# [SOURCE INFORMATION]
╭──

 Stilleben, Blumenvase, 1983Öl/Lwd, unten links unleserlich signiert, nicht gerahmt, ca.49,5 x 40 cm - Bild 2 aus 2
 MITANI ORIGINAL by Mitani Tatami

╰──
╭──

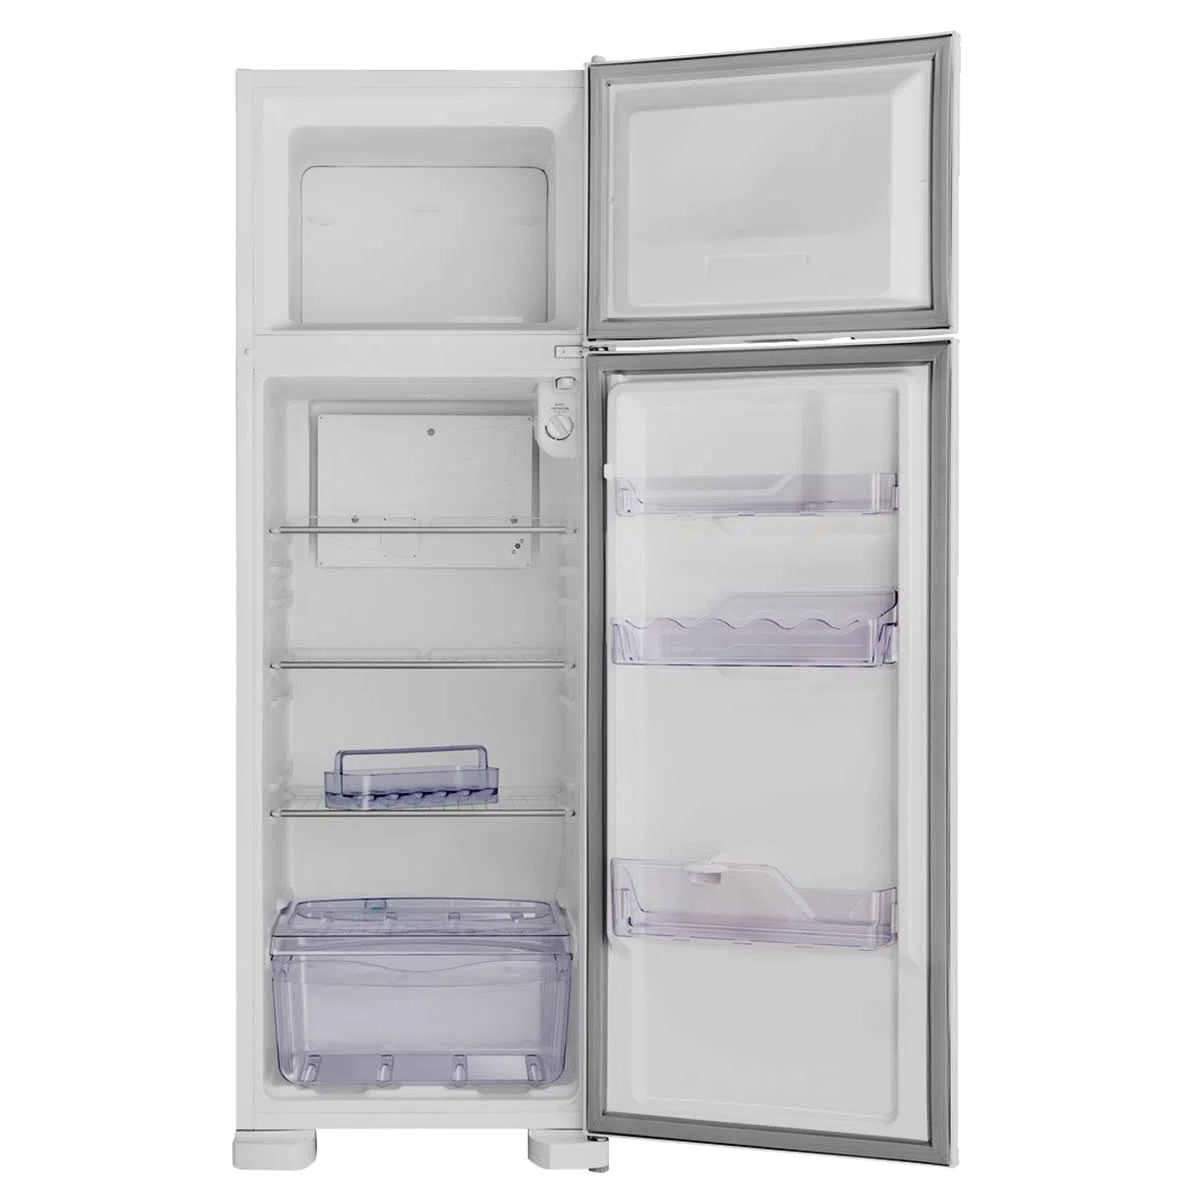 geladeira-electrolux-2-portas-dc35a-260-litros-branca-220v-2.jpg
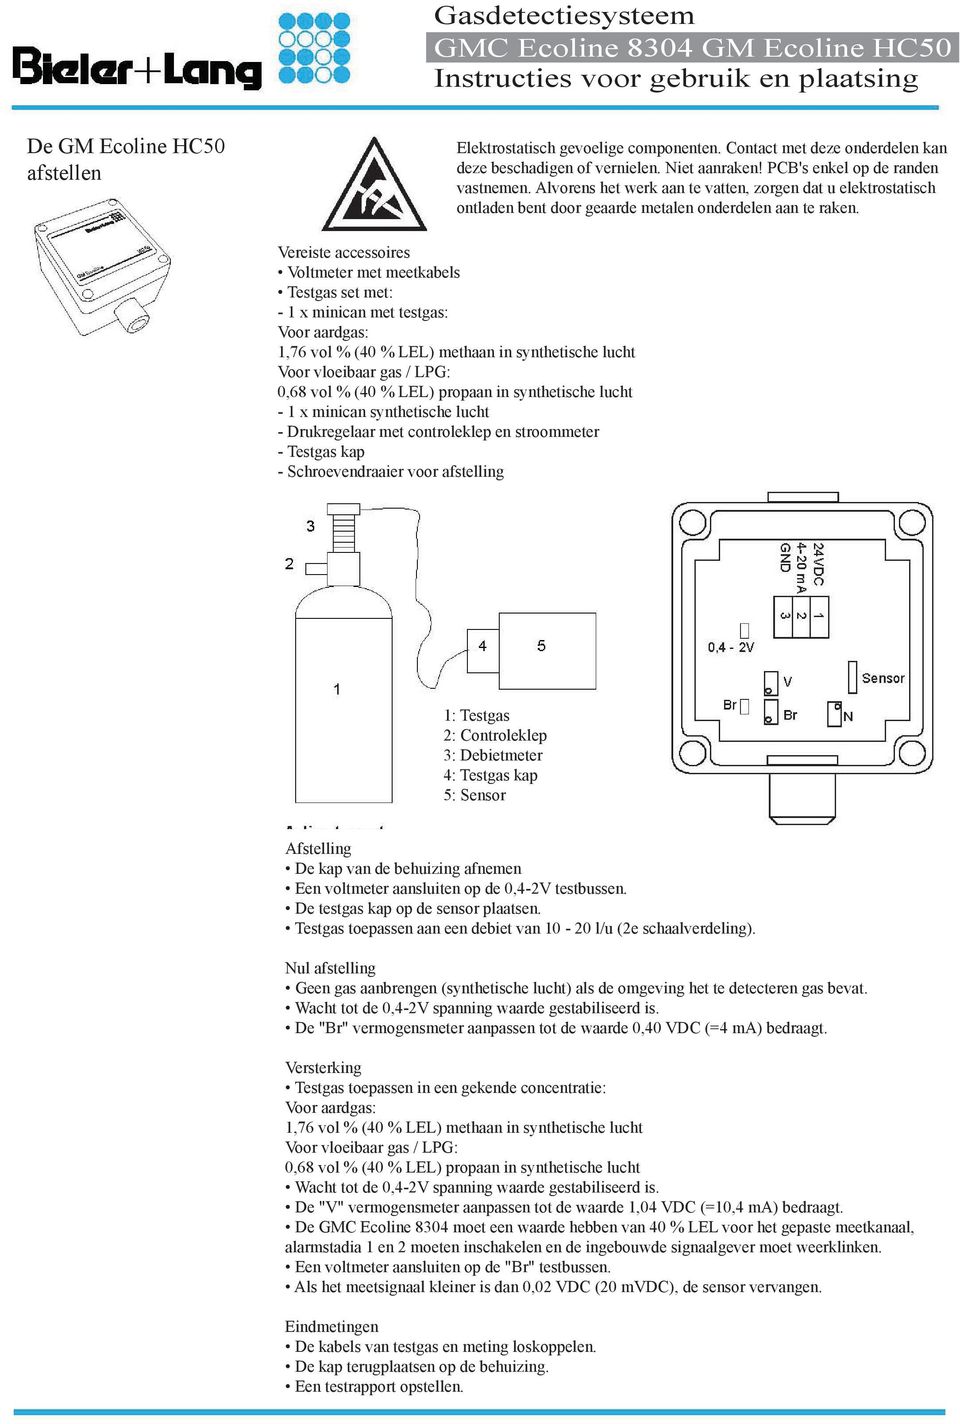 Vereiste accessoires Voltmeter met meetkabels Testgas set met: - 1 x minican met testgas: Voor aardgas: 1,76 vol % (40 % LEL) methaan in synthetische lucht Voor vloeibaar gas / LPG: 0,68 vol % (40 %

╰──

# [EXERCISE]
From the data above, output exactly the lines between the one containing "Stilleben, Blumenvase, 1983Öl/Lwd, unten" and the one containing "MITANI ORIGINAL by Mitani Tatami", counting both of them.

# [REPLY TO THE TASK]
 Stilleben, Blumenvase, 1983Öl/Lwd, unten links unleserlich signiert, nicht gerahmt, ca.49,5 x 40 cm - Bild 2 aus 2
 MITANI ORIGINAL by Mitani Tatami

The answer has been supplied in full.